Scenario	Recommended Approach	Why	Cost Impact
Standard TypeScript API with data transformers	Intent-first manifest + scanner exclusion	Prevents lexical false positives on serialization layers	Low (configuration only)
Repository mixing AI inference with traditional utilities	Two-stage pipeline + explicit boundary declaration	Isolates regulatory controls to generative workloads only	Medium (pipeline modification)
High-compliance environment (EU AI Act / HIPAA)	Human-in-the-loop review + severity weighting override	Ensures regulatory accuracy and audit defensibility	High (manual review overhead)
Rapid prototyping / MVP phase	Heuristic scanning with manual triage	Faster iteration; false positives acceptable temporarily	Low (developer time for triage)

Configuration Template

// governance-scanner.config.ts
import type { PolicyEngineConfig } from '@compliance/governance-sdk';

export const policyEngineConfig: PolicyEngineConfig = {
  evaluationPipeline: {
    stage1_lexicalScan: {
      enabled: true,
      keywordThreshold: 3,
      outputFormat: 'candidate_list'
    },
    stage2_intentVerification: {
      enabled: true,
      manifestPath: './compliance-boundaries.json',
      overrideHeuristics: true
    }
  },
  frameworkRules: {
    euAiAct: {
      mode: 'intent_first',
      requireExplicitDeclaration: true,
      severityWeighting: {
        heuristicMatch: 0.2,
        manifestDeclaration: 0.8
      }
    },
    owaspLlm: {
      scope: 'generative_only',
      autoApplyToNonAi: false,
      excludedPatterns: [/transformer|pipeline|model/i]
    }
  },
  scoringEngine: {
    suppressAmplification: true,
    humanReviewThreshold: 65.0,
    baselineScore: 80.0
  },
  ciIntegration: {
    failOnFalsePositive: false,
    generateAuditReport: true,
    reportFormat: 'json'
  }
};

Quick Start Guide

Initialize the manifest: Create compliance-boundaries.json in your project root.

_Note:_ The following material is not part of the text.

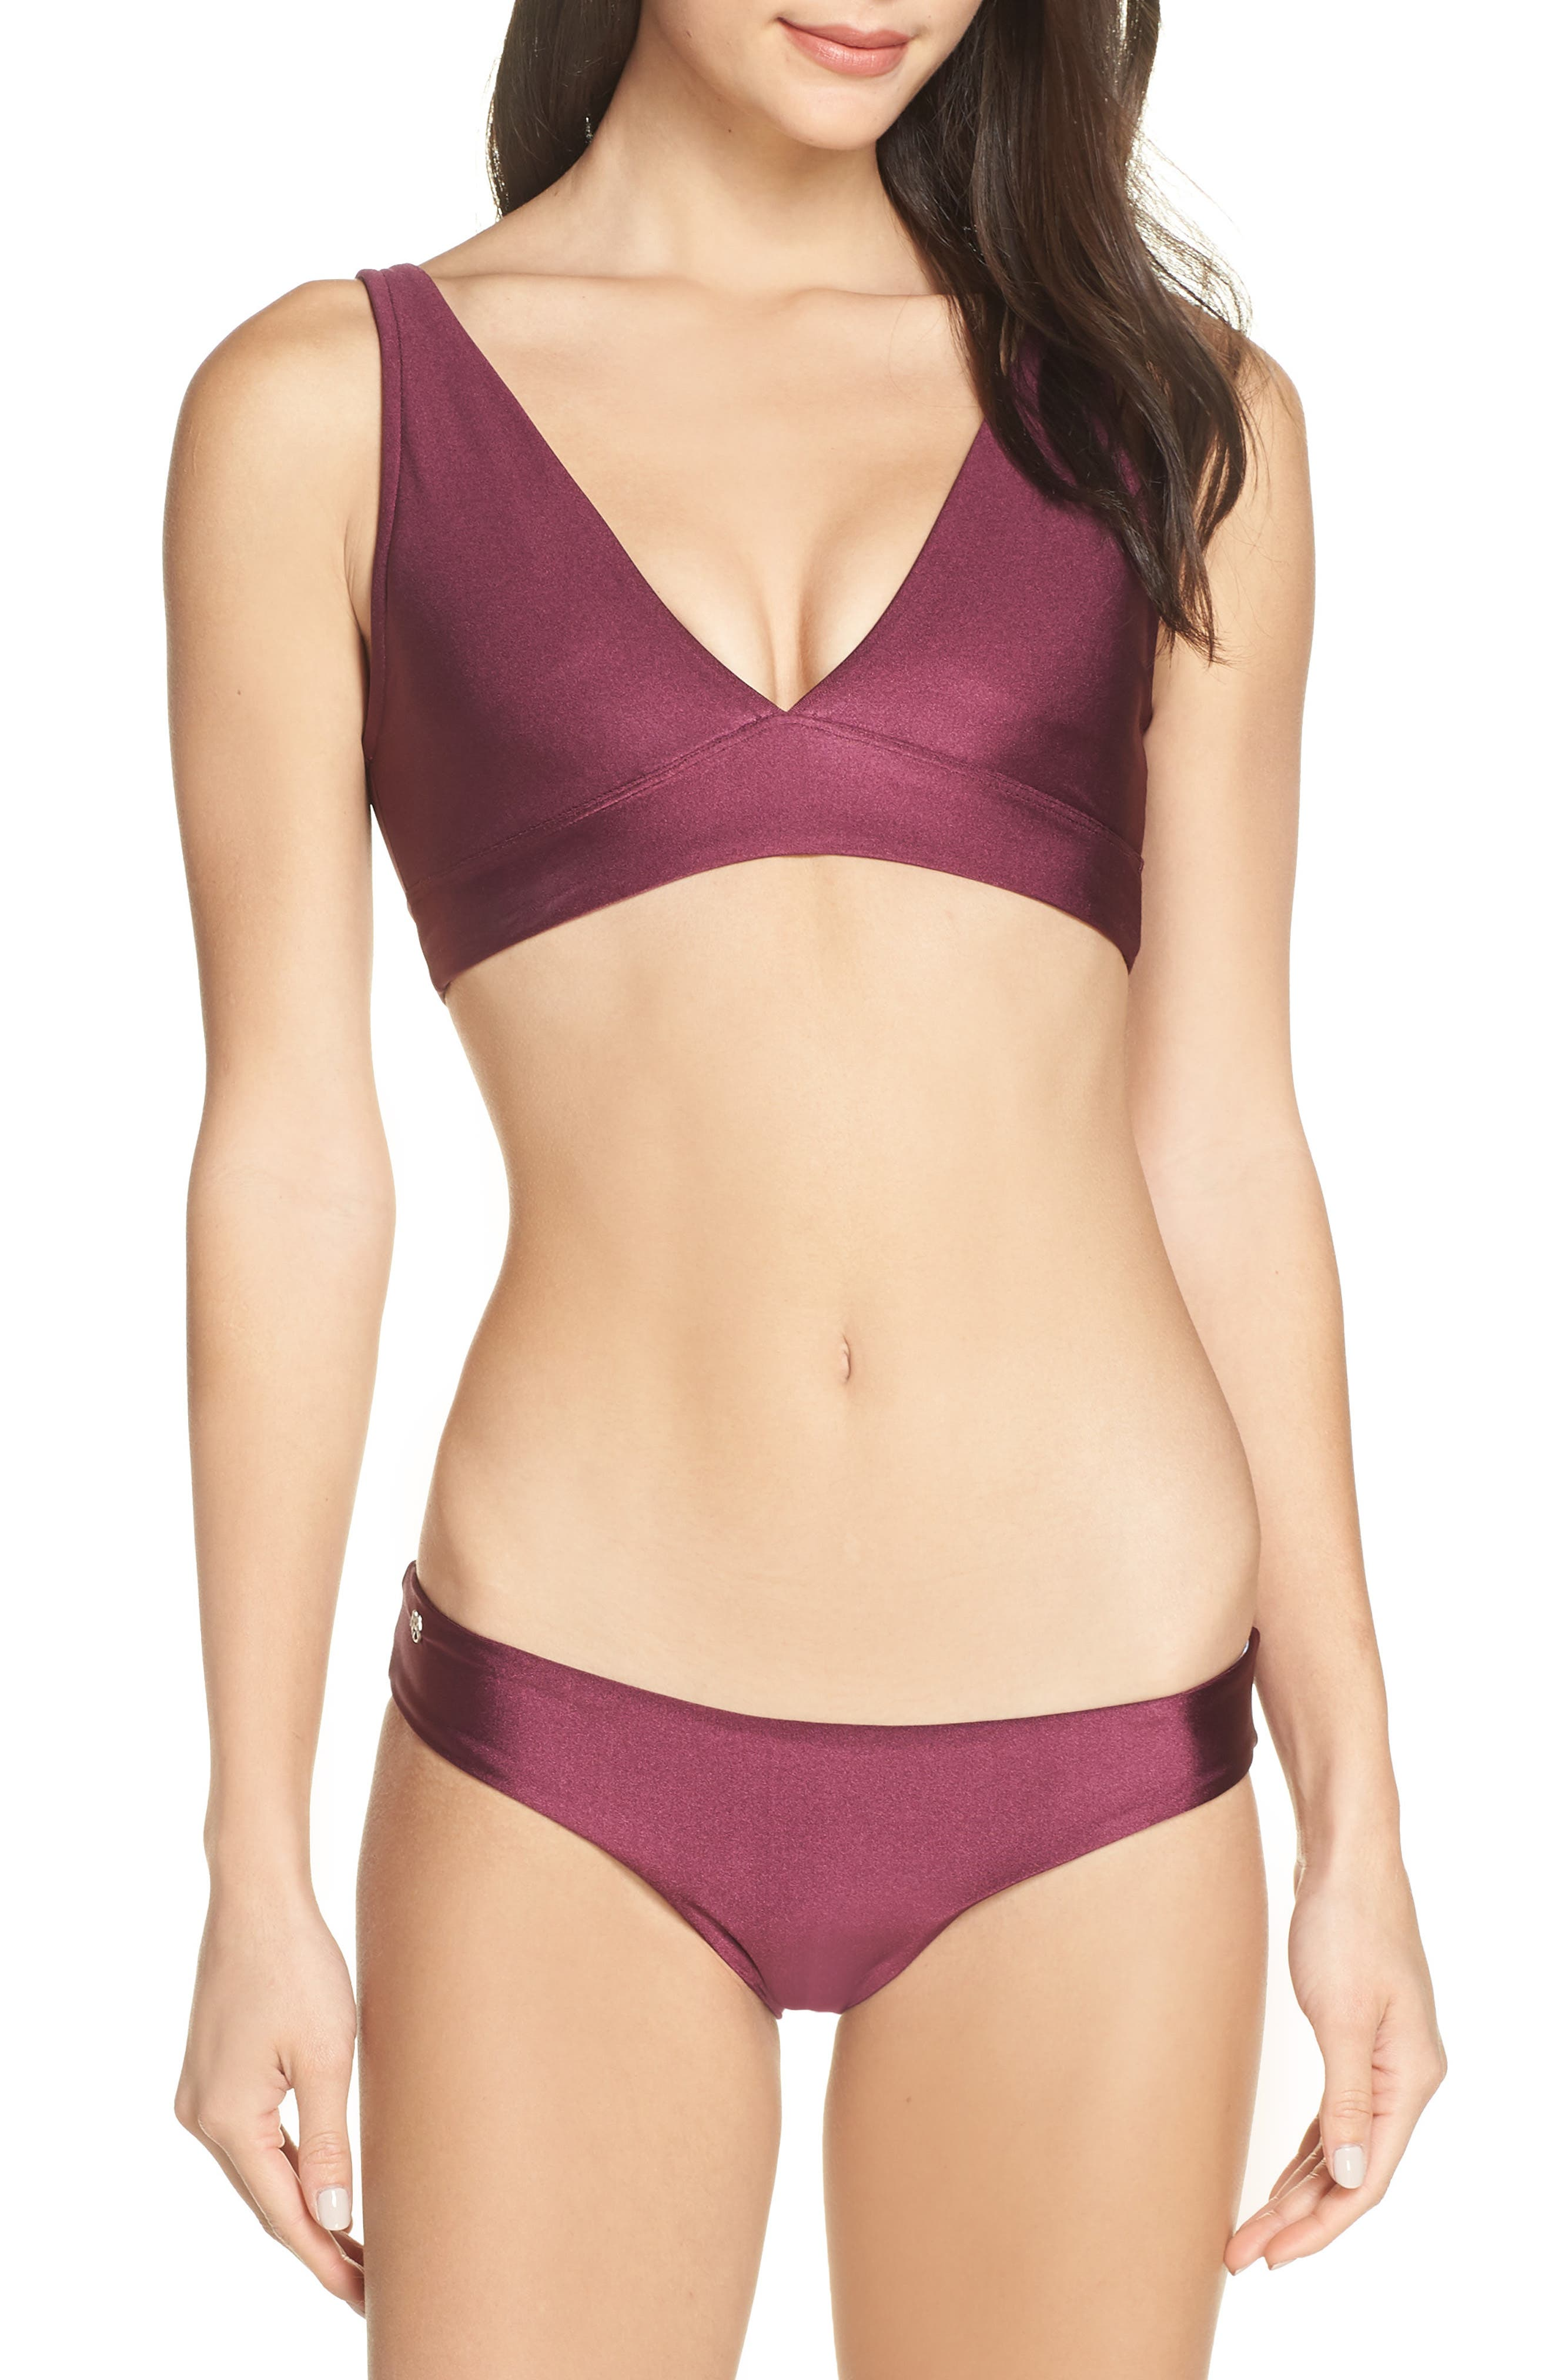 Beach Plum Sublime Reversible Bikini Bottoms,                             Alternate thumbnail 8, color,                             BEACH PLUM

Populate the non_ai_components array with any utilities using AI-adjacent naming.
Configure the scanner: Replace your existing governance config with the policyEngineConfig template. Set evaluationMode to intent_first and enable suppressAmplification.
Run baseline validation: Execute the compliance scanner against your repository. Verify that the compliance score remains above 80.0 and the false positive rate reads 0%.
Integrate into CI/CD: Add the scanner step to your pipeline after unit tests. Configure it to generate an audit report and skip deployment blocking for non-AI components.
Document boundaries: Update your architecture documentation to reference the compliance manifest. Treat it as a living artifact that evolves with your codebase.